## Recorded data
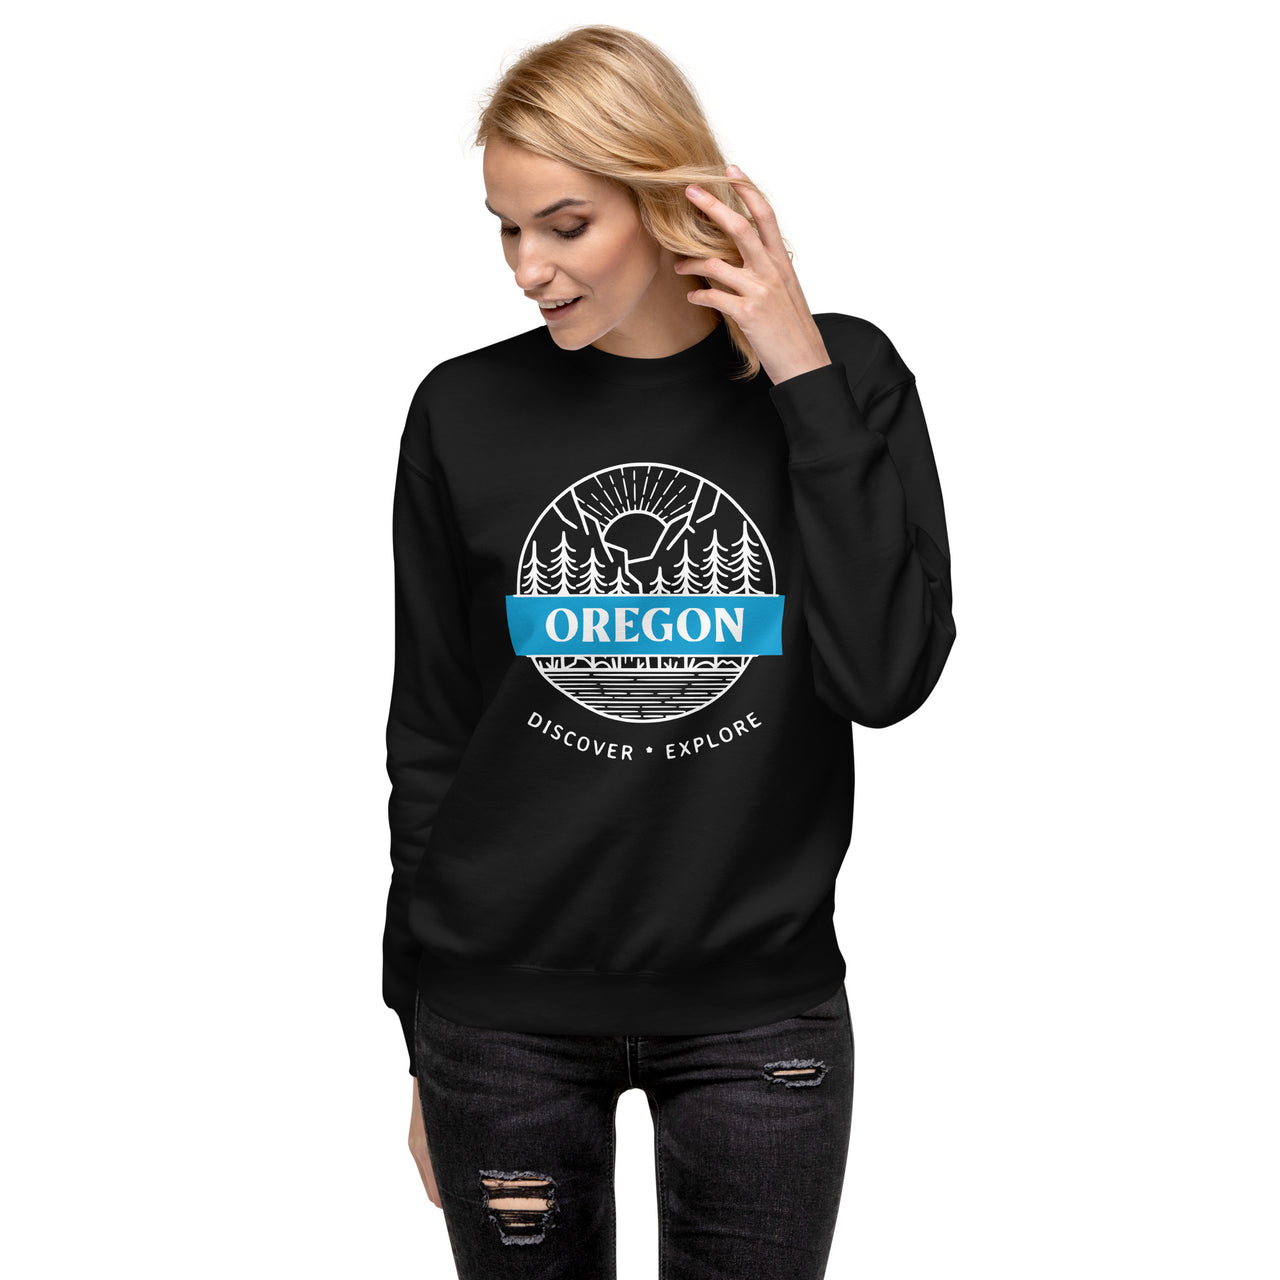 Oregon - Discover - Explore - Unisex Premium Sweatshirt
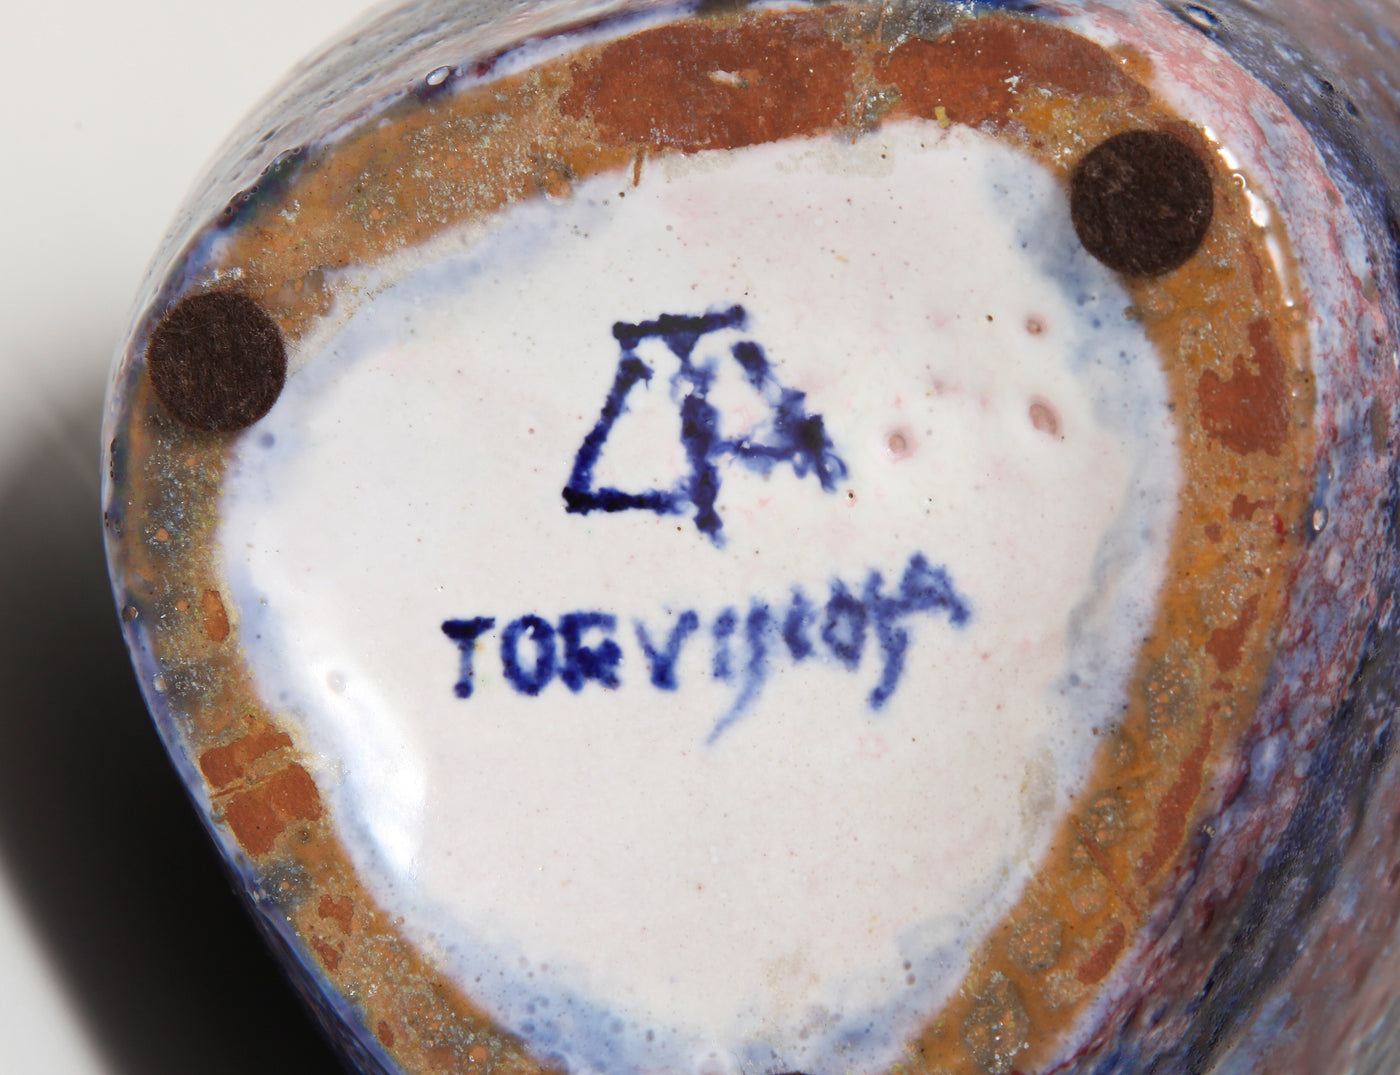 Handmade Ceramic Bottle by Torviscosa
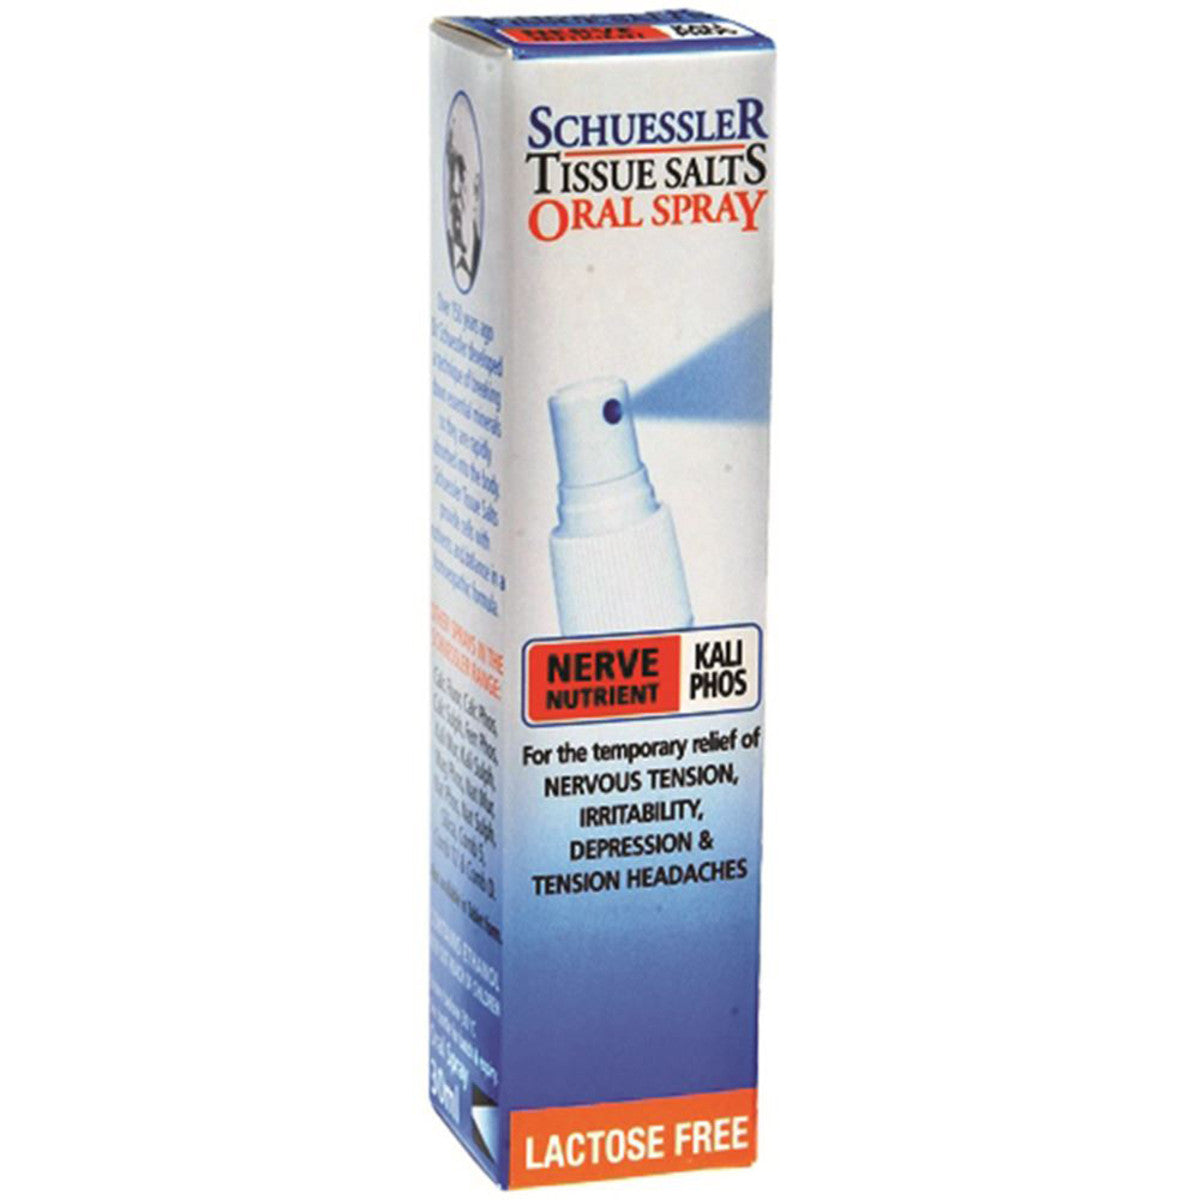 Martin & Pleasance Schuessler Tissue Salts Kali Phos 30ml Spray, Nerve Nutrient
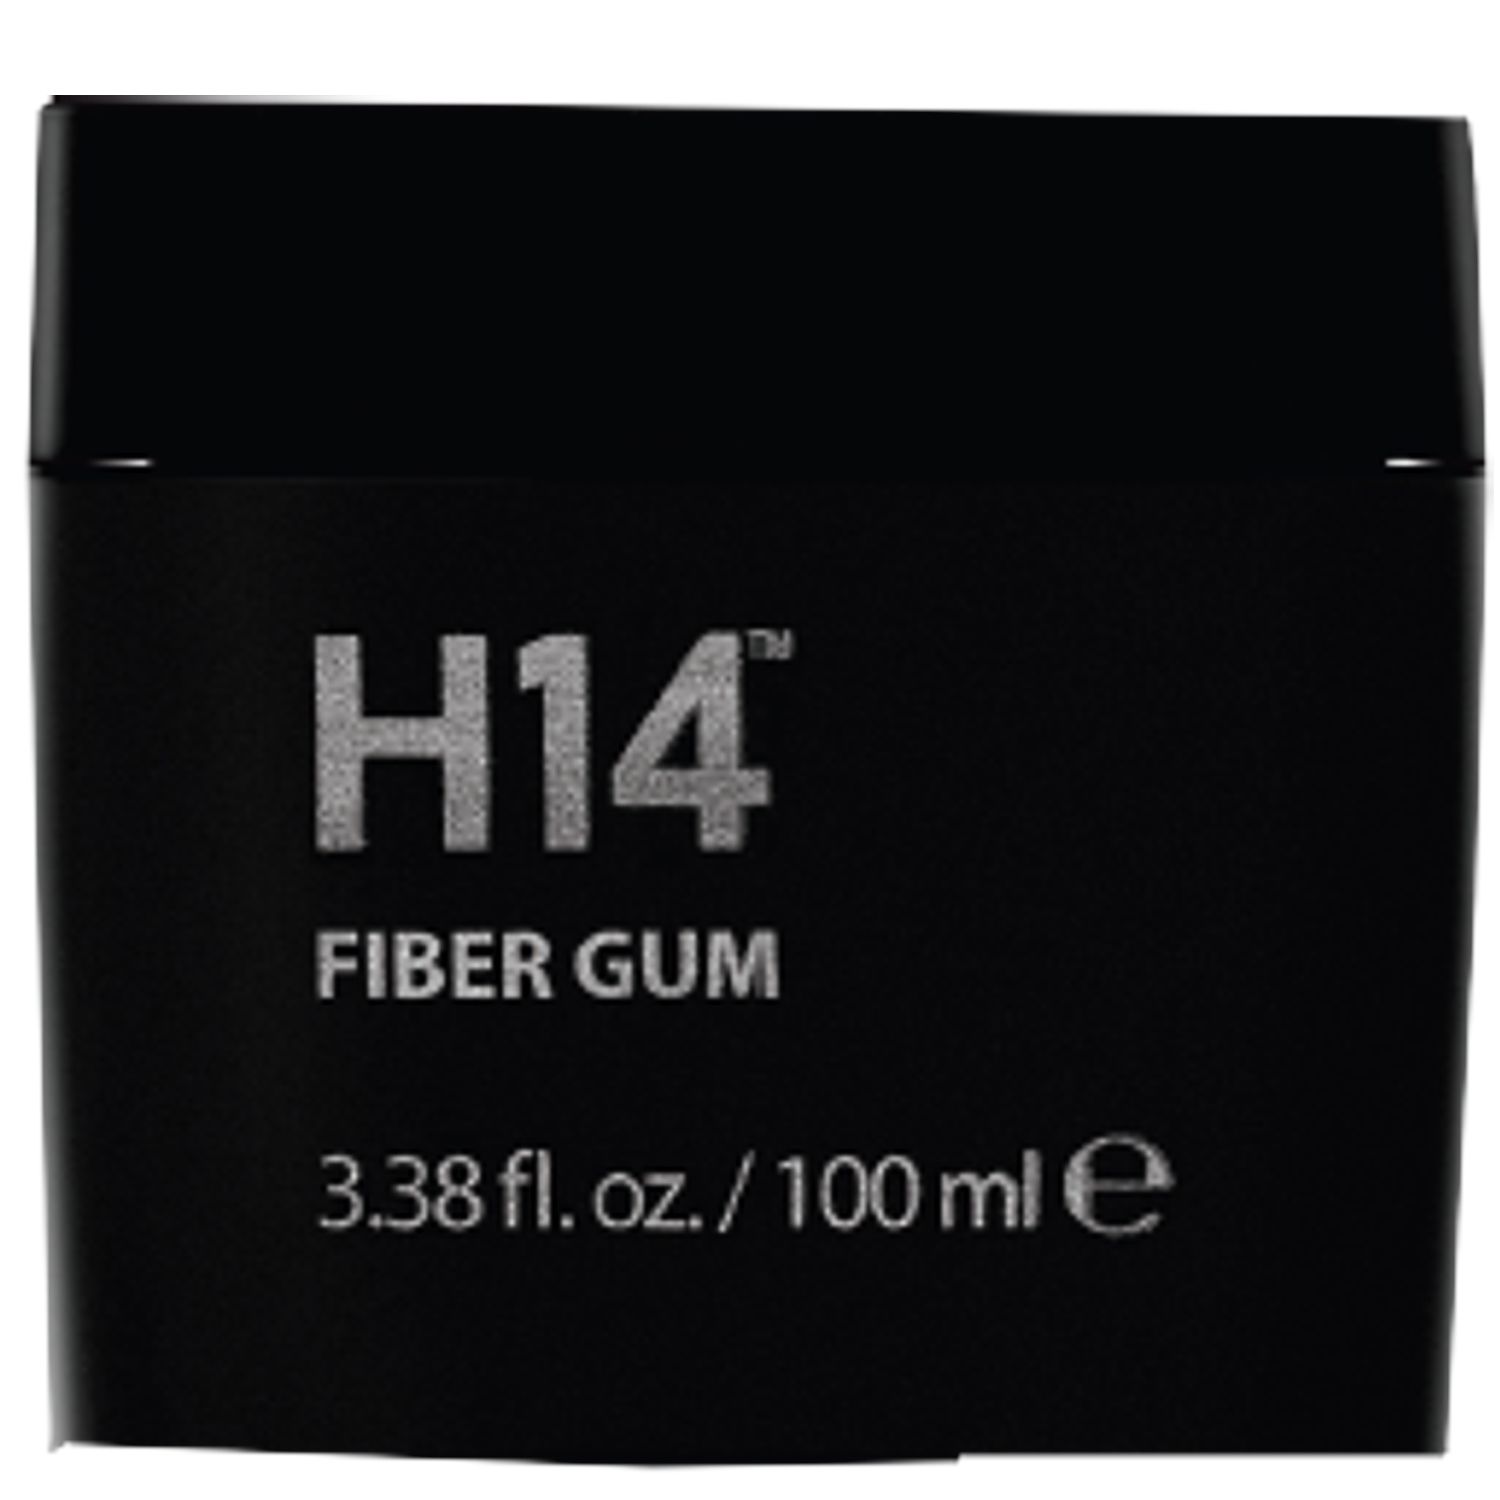 H14 Fiber Gum 100 ml
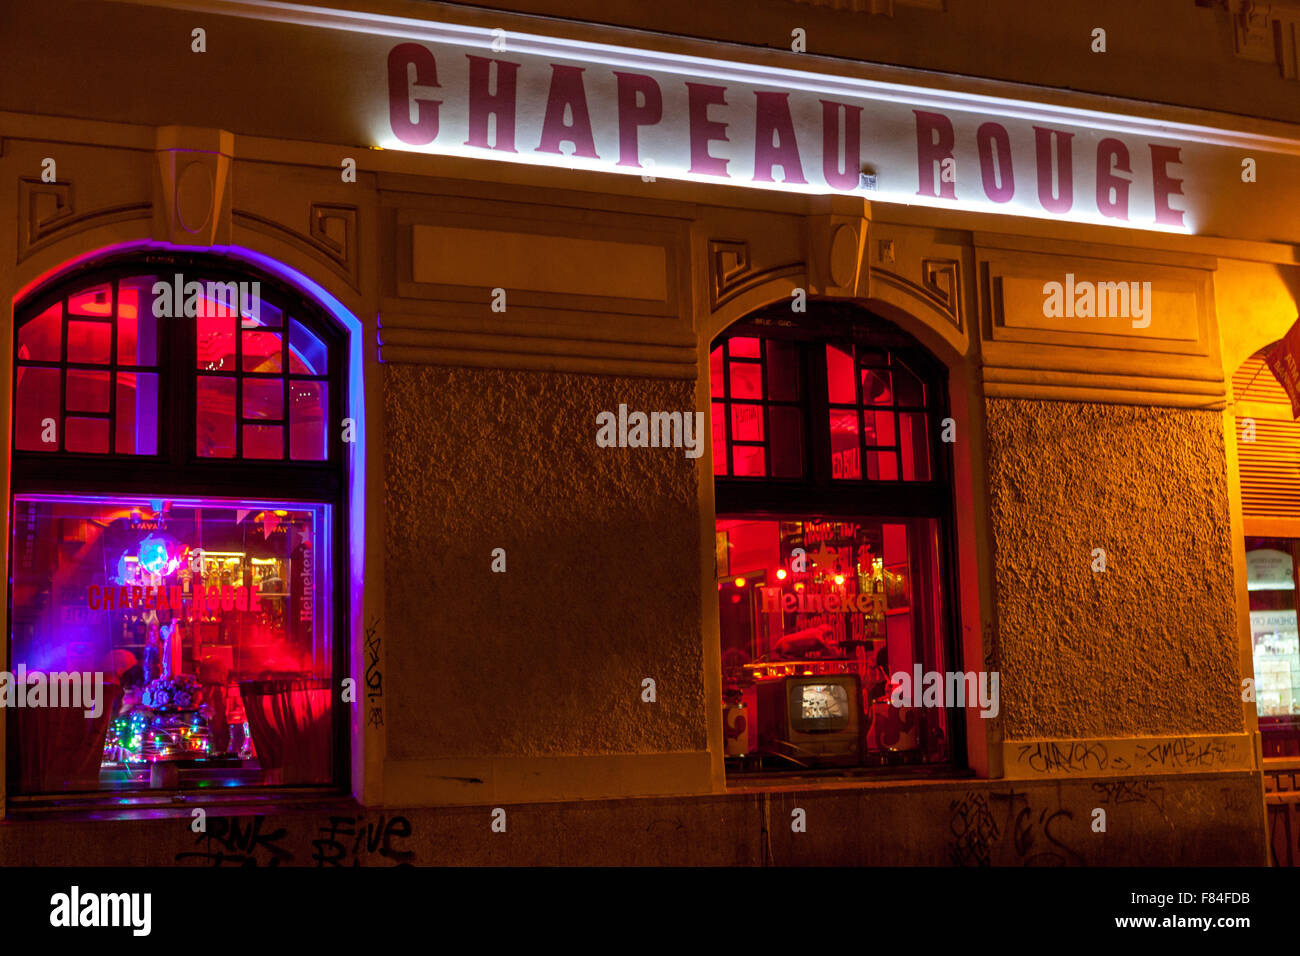 Prager Pub Chapeau Rouge Pub Nachtclub in der Nähe des Altstädter Ring. Stockfoto

## Aim of the exercise
Excluding images, return all of the records above word for word.

## Problem solution
 Oregon - Discover - Explore - Unisex Premium Sweatshirt
 Handmade Ceramic Bottle by Torviscosa
 Martin & Pleasance Schuessler Tissue Salts Kali Phos 30ml Spray, Nerve Nutrient
 H14 Fiber Gum 100 ml
 Prager Pub Chapeau Rouge Pub Nachtclub in der Nähe des Altstädter Ring. Stockfoto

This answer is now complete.